Because two classification classes did not always have the same number of examples, classification accuracies were sometimes misleadingly high even for poor classifiers. Thus we used area under the curve (AUC) as our primary performance metric.
We found logistic regression to have higher AUC’s for 26 of our 35 classification tasks. Of the remaining 9 tasks, 8 performed relatively poorly on both classifiers (AUC < 0.65). Decision trees had consistently high AUC’s (0.8-0.9) on training data, suggesting overfitting despite our parameter selection efforts. The logistic regression classifiers did not suffer from this problem, so we focused on logistic regression results and used decision trees as means of gaining intuition for the role of certain features in the classification step.

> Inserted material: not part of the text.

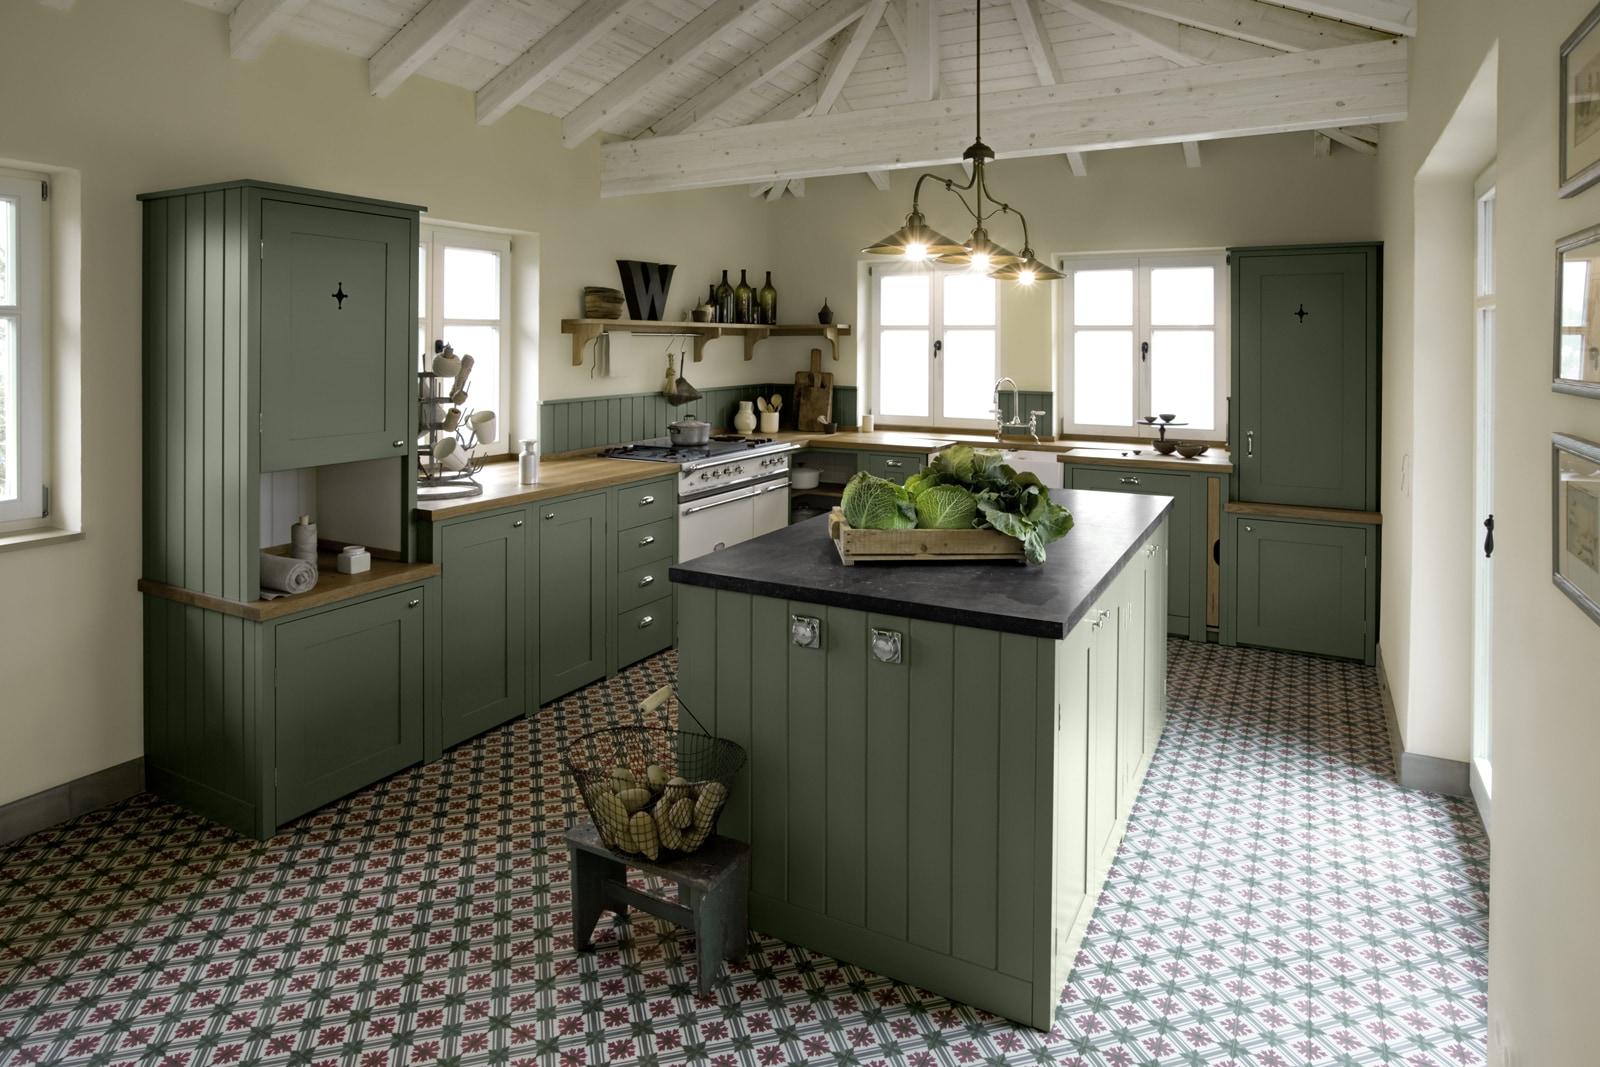 Shakerküche Woodworker mit VIA Zementfliese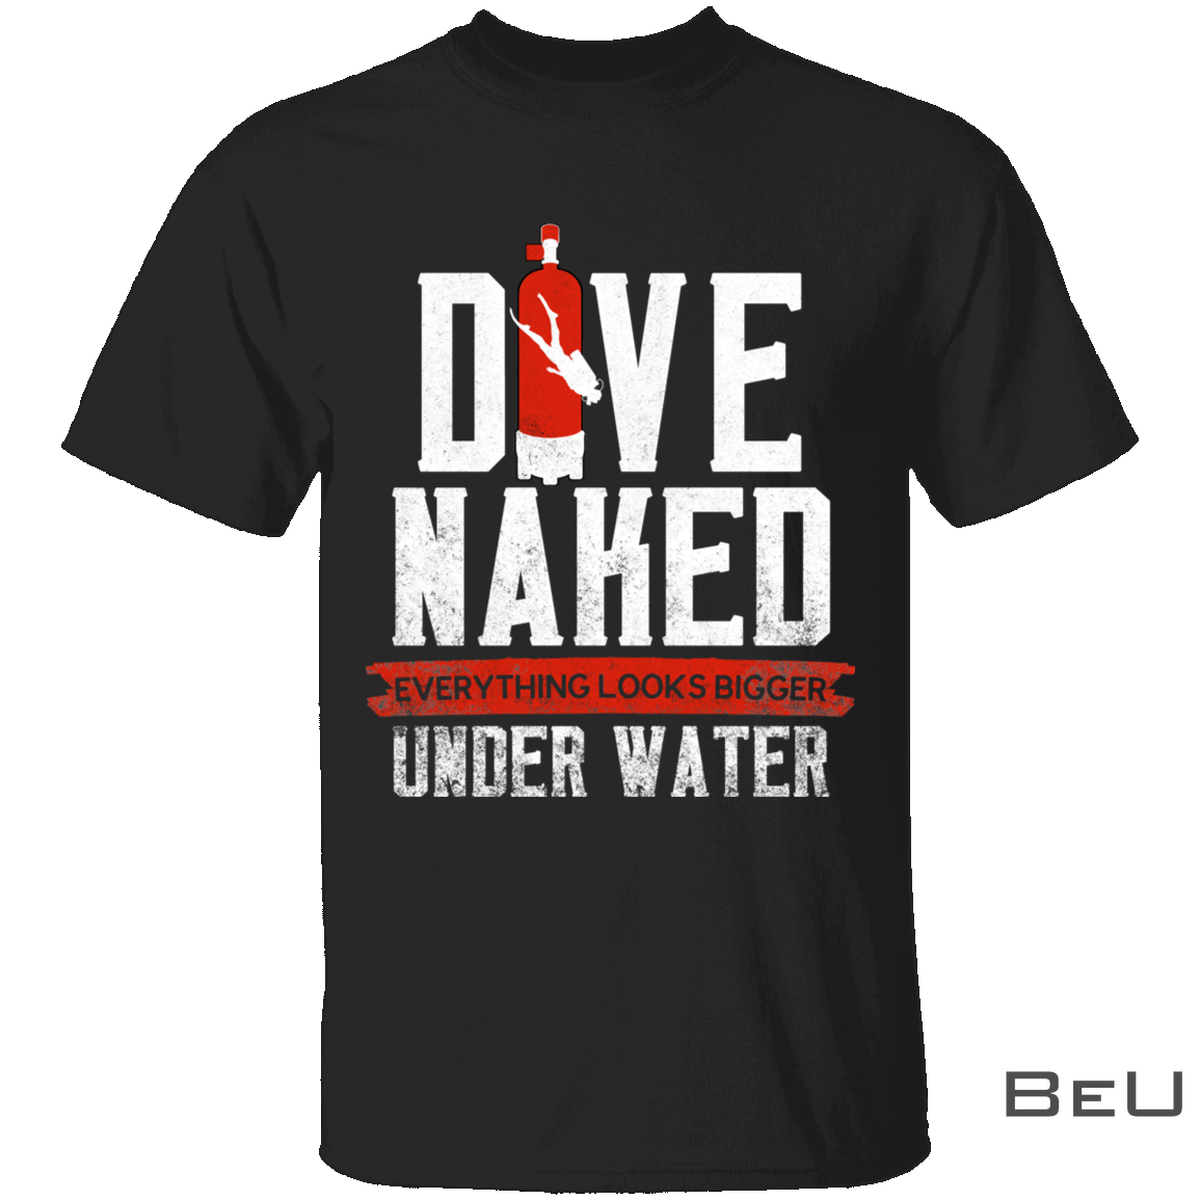 Dove Naked Everything Look Bigger Underwater Shirt

Our results are shown in the above tables. Dashes indicate insufficient data for proper classification.
We were very successful in classifying plays versus movies. We found that plays are characterized by high top character relationships, high single character centrality, and low top character weight variance relative to movies, suggesting that plays tend to have a clear-cut main character with several important supporting characters that interact primarily with the main character. A classic example is Hamlet, as can be observed by its interaction graph:
Results for movies suggest they tend to have several main characters, as in Charlie’s Angels:
Important features from our pre or post 1800 play classifier, which also performed well, suggest older plays had more disjoint groups of characters and more distinct plotlines than newer ones. Misclassifications such as Shakespeare’s The Tempest (set on an island where most characters interact with each other), which was misclassified as new, corroborated our hypothesis.

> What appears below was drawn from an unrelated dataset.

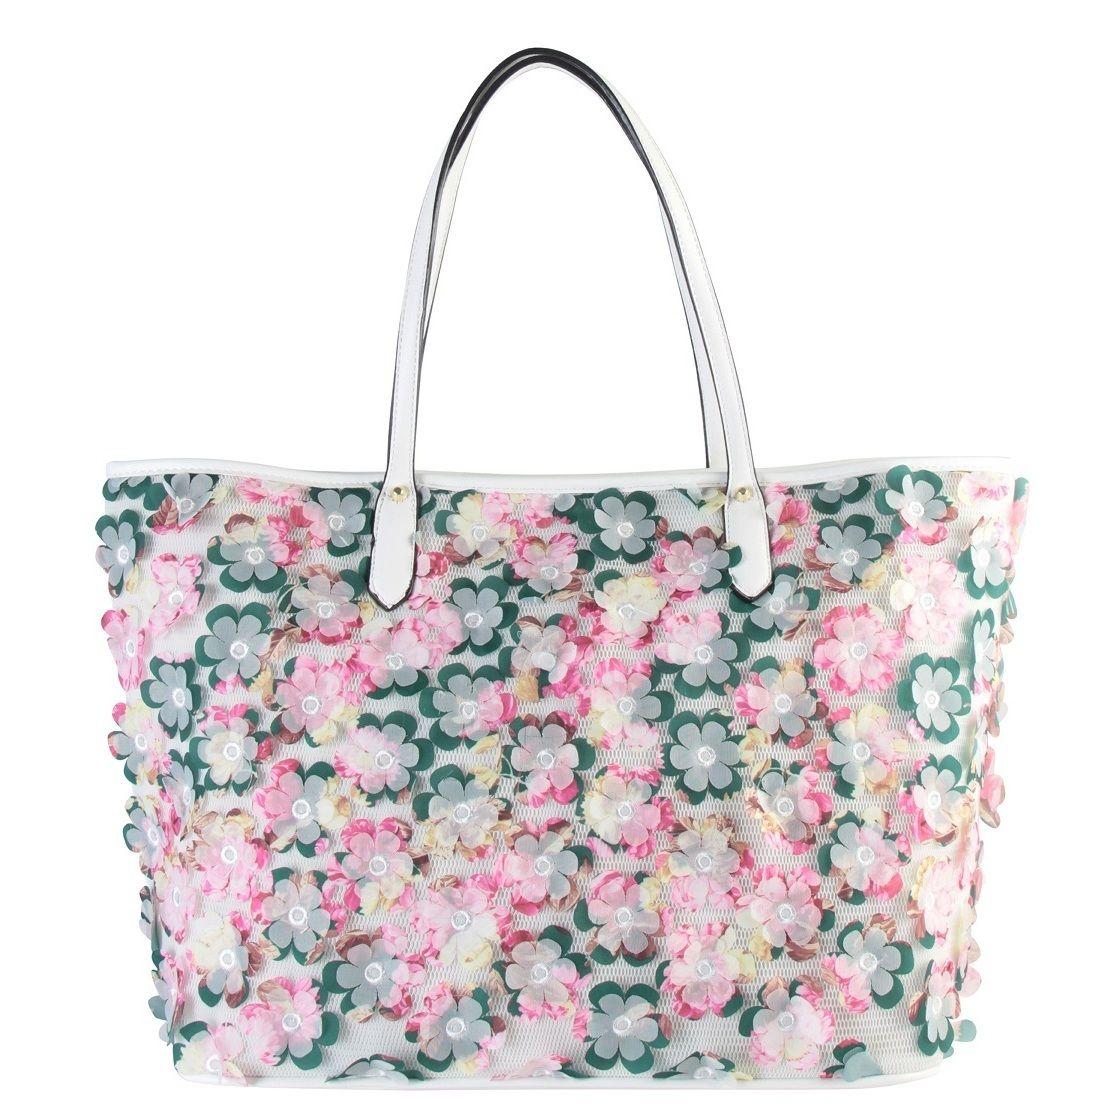 Diophy Faux Tote Handbag, Women's

Our movie date classifiers performed poorly. We think this may be due to insufficient data, or no marked difference in interaction patterns between old and new films.
These classifiers performed poorly, aligning with our expectations because there is a great diversity in the types of movies (and their interaction networks) that are enjoyed by audiences, praised by critics, or given a certain MPAA rating.
Overall, our classifier analysis confirms several common assumptions about genre stereotypes and assumptions. For example, “horror” classifiers performed particularly well, and were often characterized by high average top character relationship strength. This implies that most horror movies have one simple storyline, which is the stereotype.
As another example, romance and comedy proved far too similar to be successfully classified. Upon further reflection, character interaction networks for romances and comedies would be similar; comedies such as Harold and Kumar feature a dynamic duo that interacts much as love interests in a romance would.
Our classifiers achieved rather high AUC’s, and an analysis of the decision trees shows that one of Shakespeare’s defining characteristics is a large spread in the importance of main characters:
In this project, we developed a network extraction and classification strategy that sheds light on characteristics that define movies and plays. We automated a literary scholar’s general approach to extracting meaning from movies and plays, leading us to valuable insights about large numbers of works. It is our hope that scriptwriters will be able to use these insights to increase the breadth and diversity of character interactions and counter our generalizations with unique works of entertainment!